The journey reveals a synergistic relationship: new analytical tools enable deeper probes into SOTA models, and the challenges encountered in these massive systems inspire further methodological innovation. Key mathematical and technical frontiers include robustly defining and tracing influence in non-linear systems, efficiently finding corresponding features across different models (the universality problem), understanding the nature of “dark matter” in activations, and scaling the discovery and validation of complex, compositional circuits.

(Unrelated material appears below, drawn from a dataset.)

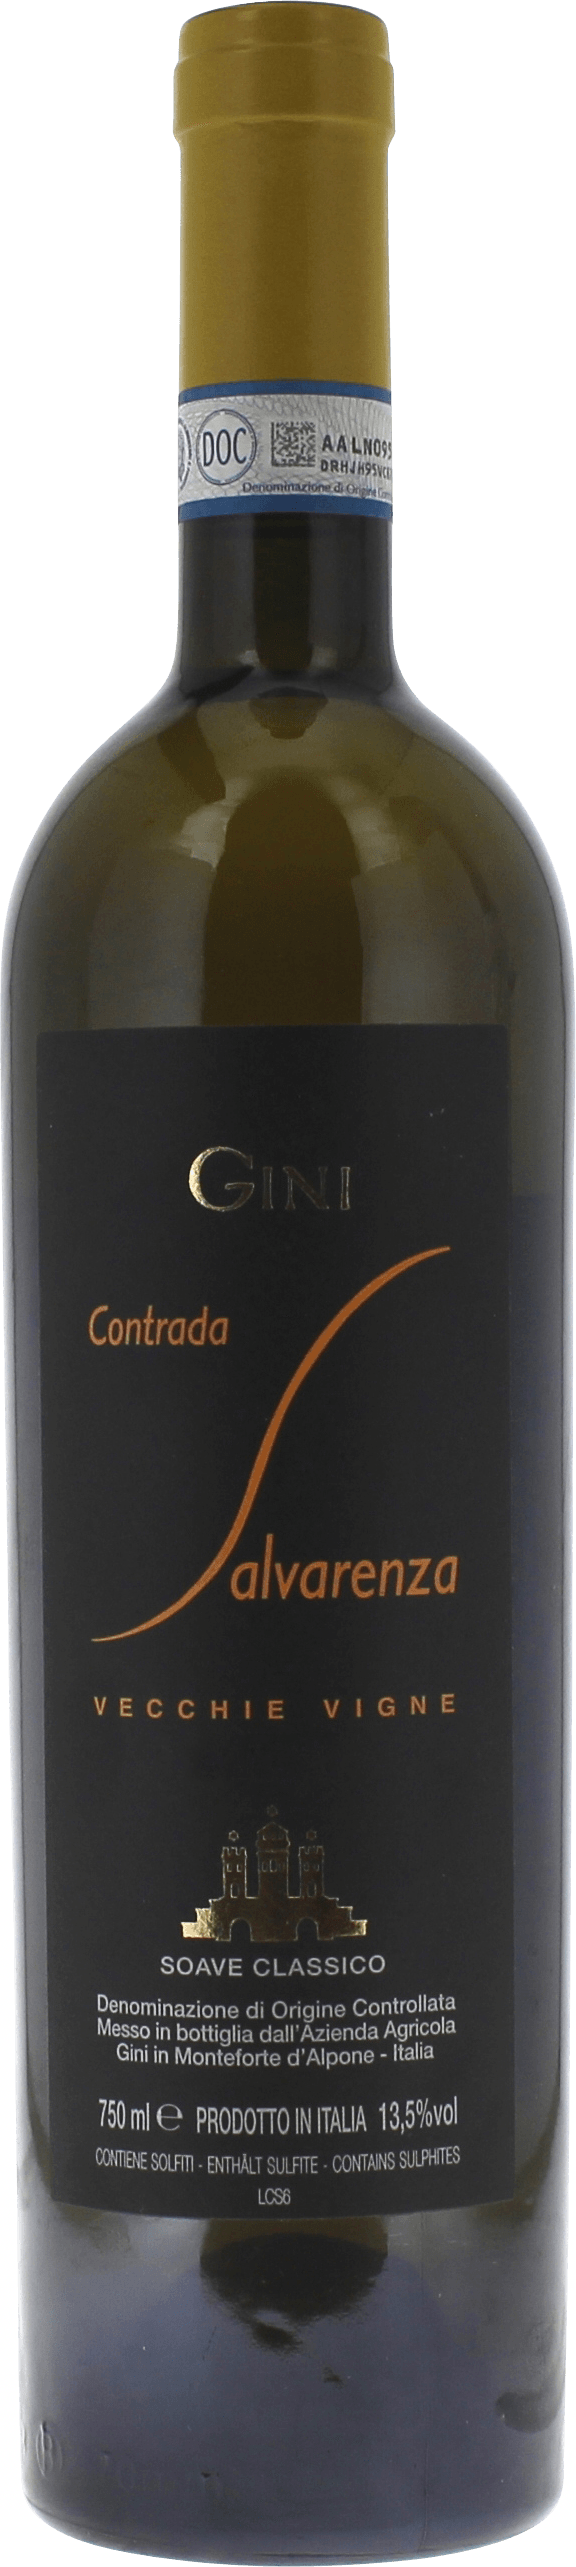 Gini - contrada salvarenza garganega - soave classico 2012  , Vin italien

The ultimate goal remains the development of a comprehensive, causal understanding of how these powerful AI systems operate—transforming them from black boxes into transparent, analyzable, and ultimately more trustworthy computational entities. Resources like transformer-circuits.pub are vital for tracking the rapid pulse of this exciting and critical field.

VI. References

Ameisen, E., et al. (2025). Circuit Tracing: Revealing Computational Graphs in Language Models. Transformer Circuits Thread.
Templeton, A., et al. (2024). Scaling Monosemanticity: Extracting Interpretable Features from Claude 3 Sonnet. Transformer Circuits Thread.
Lindsey, J., et al. (2025). On the Biology of a Large Language Model. Transformer Circuits Thread.
Anthropic Interpretability Team. (April 2025). Circuits Updates — April 2025. Transformer Circuits Thread.
Anthropic Interpretability Team. (February 2025). Insights on Crosscoder Model Diffing. Transformer Circuits Thread.
Anthropic Interpretability Team. (January 2025). Circuits Updates — January 2025. Transformer Circuits Thread.
Anthropic Interpretability Team. (October 2024). Sparse Crosscoders for Cross-Layer Features and Model Diffing. Transformer Circuits Thread.
Anthropic Interpretability Team. (October 2024). Using Dictionary Learning Features as Classifiers. Transformer Circuits Thread.
Anthropic Interpretability Team. (July 2024). Circuits Updates — July 2024. Transformer Circuits Thread.
Anthropic Interpretability Team. (June 2024). Circuits Updates — June 2024. Transformer Circuits Thread.
Elhage, N., et al. (2021). A Mathematical Framework for Transformer Circuits. Transformer Circuits Thread.